WHAT TO PRODUCE: Repeat the records below line by line, exactly, finishing on the line that contains "Fluval Bug Bites".
START INFORMATION PROVIDED
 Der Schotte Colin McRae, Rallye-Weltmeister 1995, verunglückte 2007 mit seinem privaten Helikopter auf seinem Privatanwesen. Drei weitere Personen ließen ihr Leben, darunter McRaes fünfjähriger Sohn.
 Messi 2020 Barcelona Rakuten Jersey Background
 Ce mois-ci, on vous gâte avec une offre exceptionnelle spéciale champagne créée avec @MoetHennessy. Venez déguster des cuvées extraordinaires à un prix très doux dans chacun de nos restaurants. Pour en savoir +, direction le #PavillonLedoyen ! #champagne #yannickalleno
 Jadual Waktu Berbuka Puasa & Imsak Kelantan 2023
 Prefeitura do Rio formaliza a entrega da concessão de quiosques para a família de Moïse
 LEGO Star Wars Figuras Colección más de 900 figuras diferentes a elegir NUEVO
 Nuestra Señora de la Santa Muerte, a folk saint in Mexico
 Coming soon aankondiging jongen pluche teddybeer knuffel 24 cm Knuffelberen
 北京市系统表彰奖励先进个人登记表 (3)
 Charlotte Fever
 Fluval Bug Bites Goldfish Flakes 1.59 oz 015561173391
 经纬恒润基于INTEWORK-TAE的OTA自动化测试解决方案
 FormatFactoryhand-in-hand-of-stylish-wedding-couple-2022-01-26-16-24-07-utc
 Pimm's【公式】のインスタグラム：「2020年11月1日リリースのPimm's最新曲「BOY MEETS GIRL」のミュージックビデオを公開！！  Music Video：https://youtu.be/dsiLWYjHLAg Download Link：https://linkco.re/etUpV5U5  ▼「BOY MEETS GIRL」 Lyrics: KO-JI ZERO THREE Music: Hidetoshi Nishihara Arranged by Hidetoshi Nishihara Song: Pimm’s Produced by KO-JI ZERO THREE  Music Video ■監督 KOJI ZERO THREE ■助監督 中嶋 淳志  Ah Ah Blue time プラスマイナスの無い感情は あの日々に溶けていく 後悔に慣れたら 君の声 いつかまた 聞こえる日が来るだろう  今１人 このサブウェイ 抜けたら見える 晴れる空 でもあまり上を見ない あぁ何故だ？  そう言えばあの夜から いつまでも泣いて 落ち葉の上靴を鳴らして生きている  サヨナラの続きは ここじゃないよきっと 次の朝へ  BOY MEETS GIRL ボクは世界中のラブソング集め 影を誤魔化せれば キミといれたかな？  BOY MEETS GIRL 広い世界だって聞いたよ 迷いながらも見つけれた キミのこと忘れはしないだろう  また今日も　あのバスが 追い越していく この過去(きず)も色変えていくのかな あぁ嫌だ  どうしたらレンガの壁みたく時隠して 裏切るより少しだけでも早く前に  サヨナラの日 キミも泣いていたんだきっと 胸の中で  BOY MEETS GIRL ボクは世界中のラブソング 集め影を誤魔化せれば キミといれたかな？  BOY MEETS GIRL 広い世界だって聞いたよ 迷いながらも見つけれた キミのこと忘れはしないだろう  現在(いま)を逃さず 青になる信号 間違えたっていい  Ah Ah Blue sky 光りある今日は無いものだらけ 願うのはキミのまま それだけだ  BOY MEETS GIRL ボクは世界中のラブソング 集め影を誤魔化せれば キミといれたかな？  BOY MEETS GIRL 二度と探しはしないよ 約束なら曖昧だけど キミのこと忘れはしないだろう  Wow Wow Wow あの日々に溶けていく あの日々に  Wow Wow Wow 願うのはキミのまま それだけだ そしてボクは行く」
END INFORMATION PROVIDED
RESPONSE TO THIS TASK:
 Der Schotte Colin McRae, Rallye-Weltmeister 1995, verunglückte 2007 mit seinem privaten Helikopter auf seinem Privatanwesen. Drei weitere Personen ließen ihr Leben, darunter McRaes fünfjähriger Sohn.
 Messi 2020 Barcelona Rakuten Jersey Background
 Ce mois-ci, on vous gâte avec une offre exceptionnelle spéciale champagne créée avec @MoetHennessy. Venez déguster des cuvées extraordinaires à un prix très doux dans chacun de nos restaurants. Pour en savoir +, direction le #PavillonLedoyen ! #champagne #yannickalleno
 Jadual Waktu Berbuka Puasa & Imsak Kelantan 2023
 Prefeitura do Rio formaliza a entrega da concessão de quiosques para a família de Moïse
 LEGO Star Wars Figuras Colección más de 900 figuras diferentes a elegir NUEVO
 Nuestra Señora de la Santa Muerte, a folk saint in Mexico
 Coming soon aankondiging jongen pluche teddybeer knuffel 24 cm Knuffelberen
 北京市系统表彰奖励先进个人登记表 (3)
 Charlotte Fever
 Fluval Bug Bites Goldfish Flakes 1.59 oz 015561173391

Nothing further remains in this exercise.